■ SUPPLIED INFORMATION

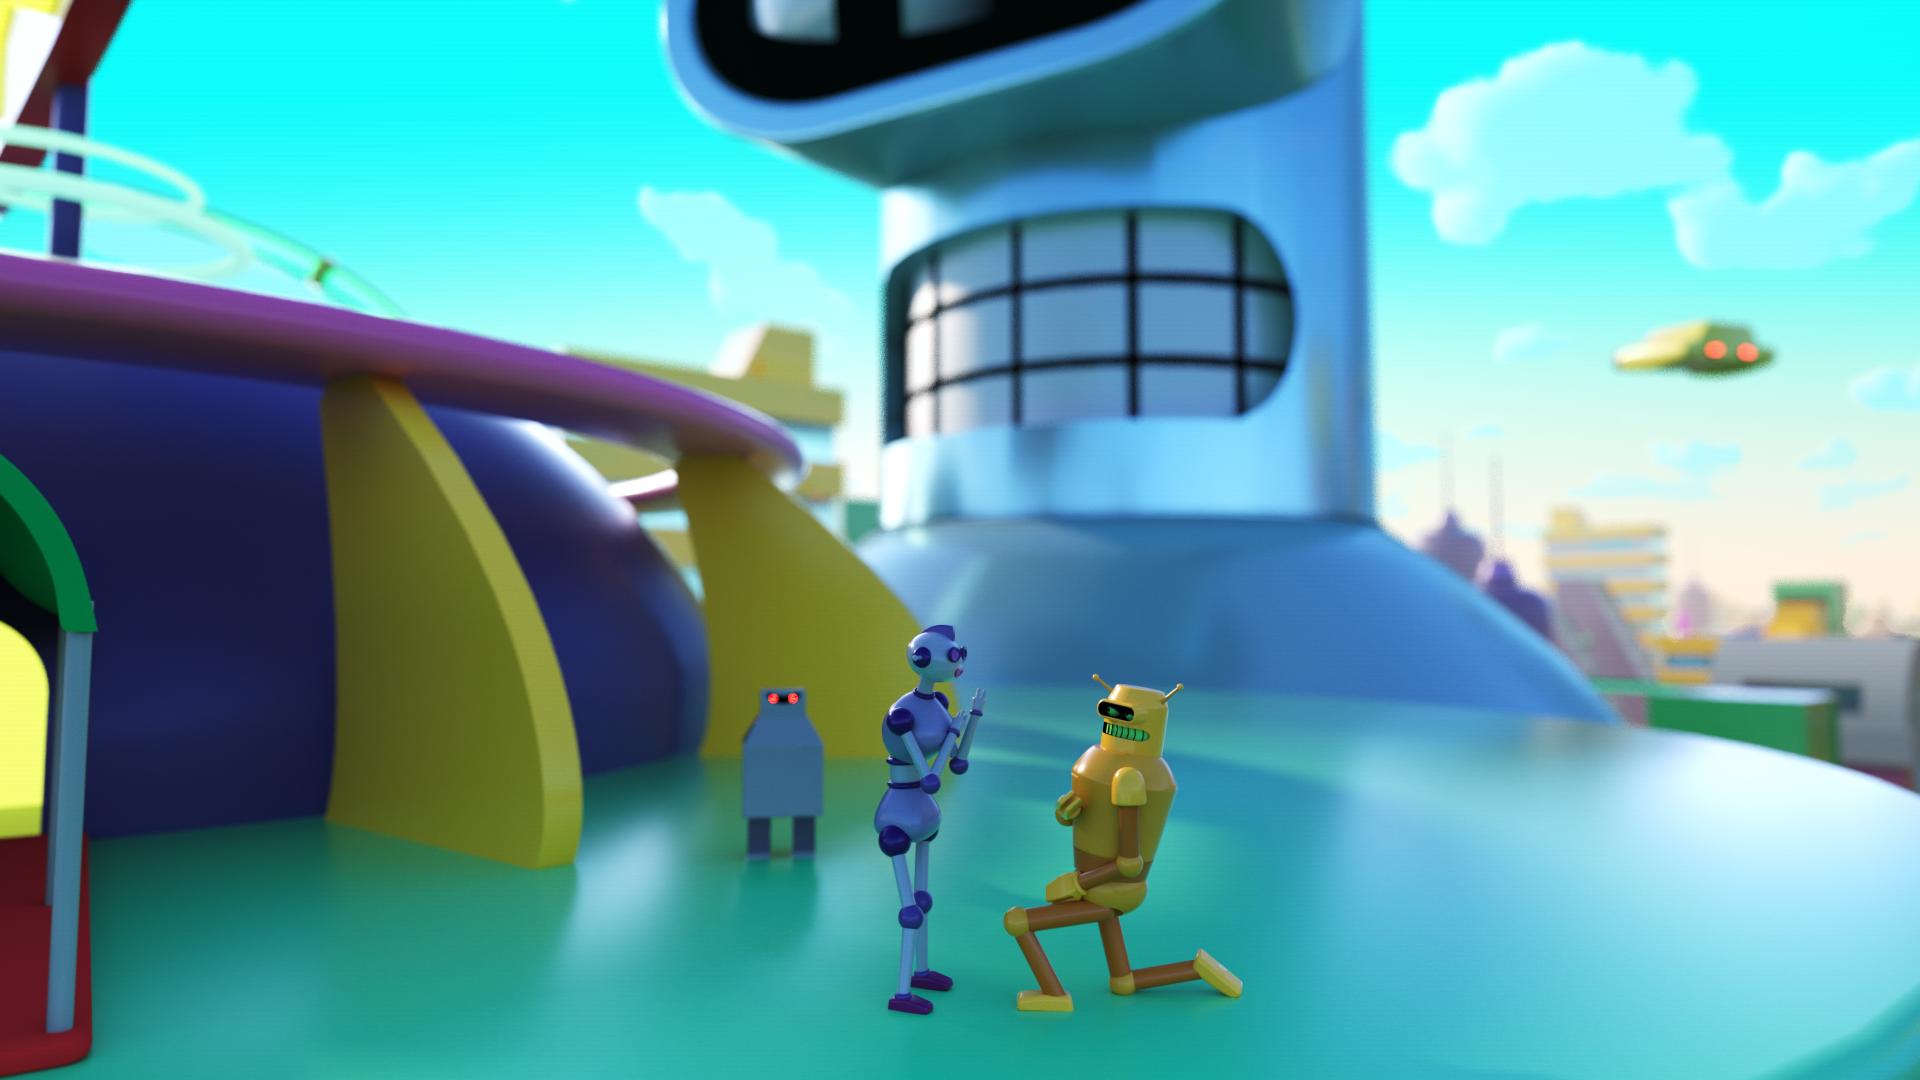 Bender_V02 (0-00-31-11)
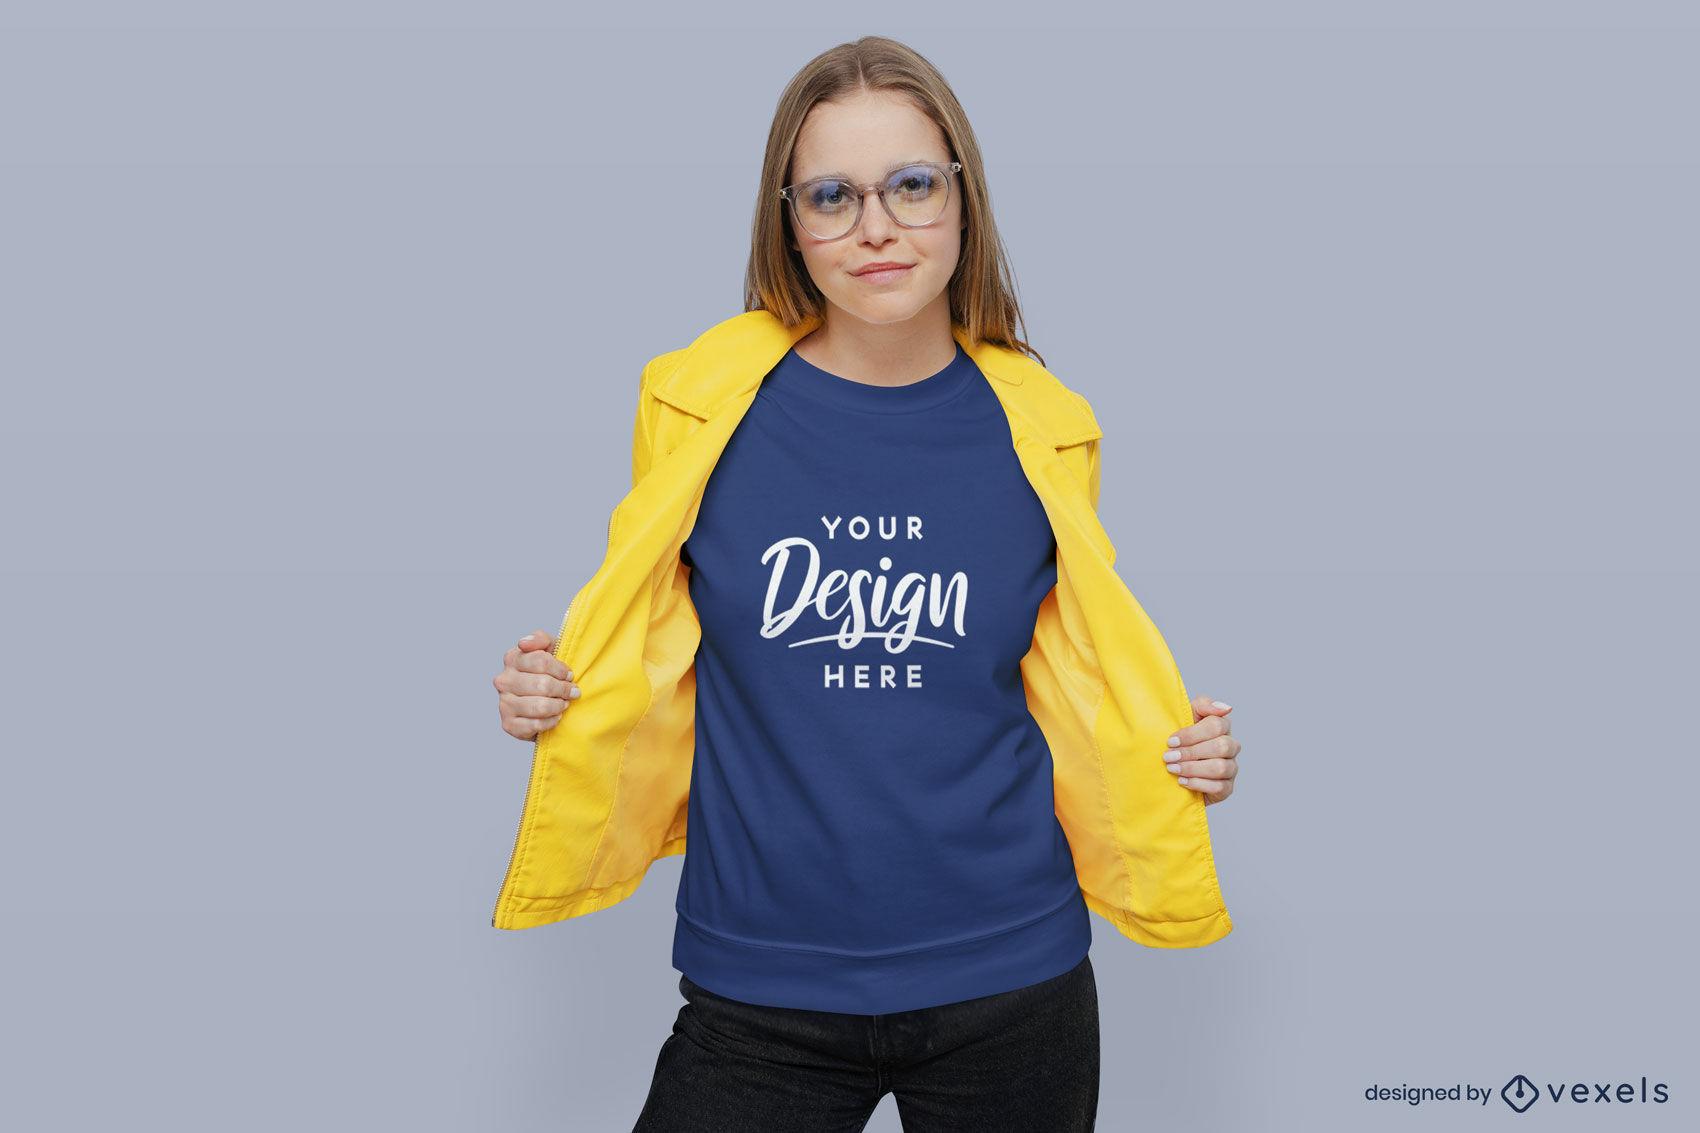 Girl in blue sweatshirt with yellow jacket mockup
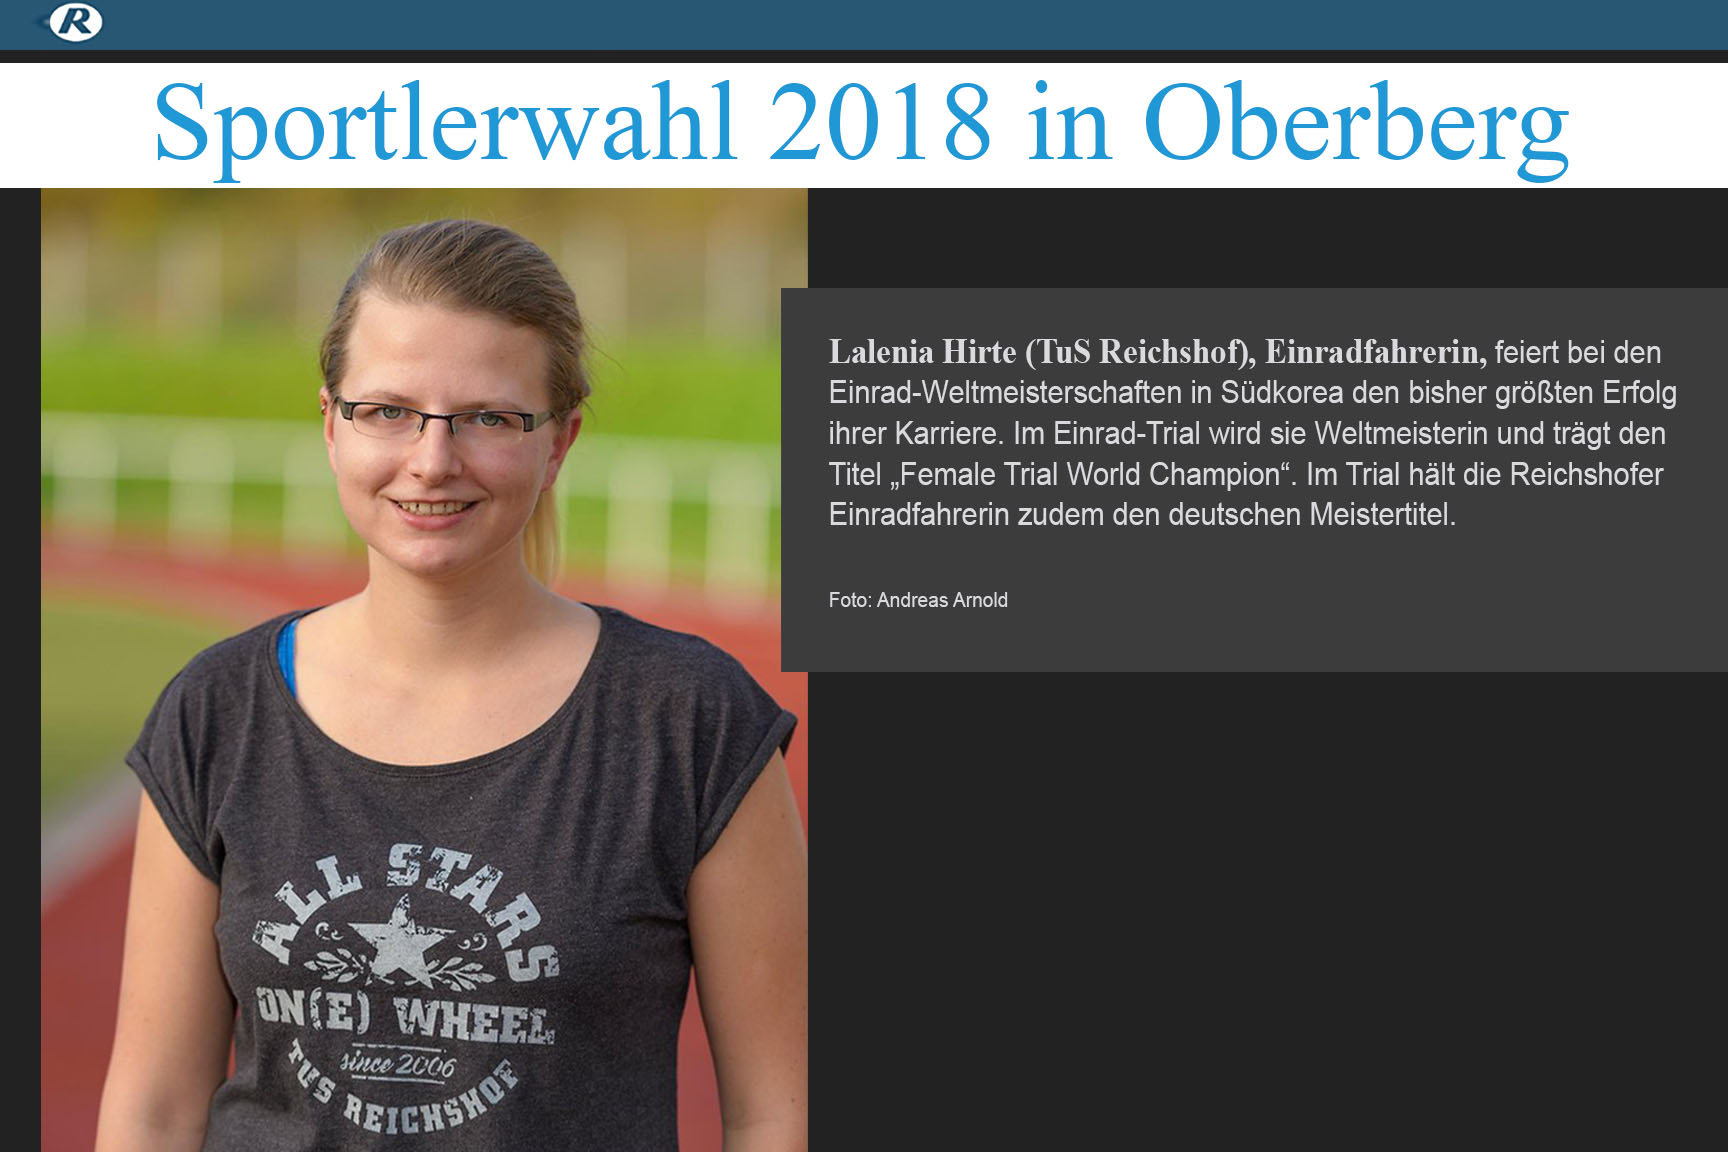 OVZ Sportlerwahl 2018 - und Lalenia ist mit dabei

■ WHAT THIS TASK INVOLVES
All of the material above needs to be restated exactly, with no pictures.

■ ANSWER SPACE
 Bender_V02 (0-00-31-11)
 Girl in blue sweatshirt with yellow jacket mockup
 OVZ Sportlerwahl 2018 - und Lalenia ist mit dabei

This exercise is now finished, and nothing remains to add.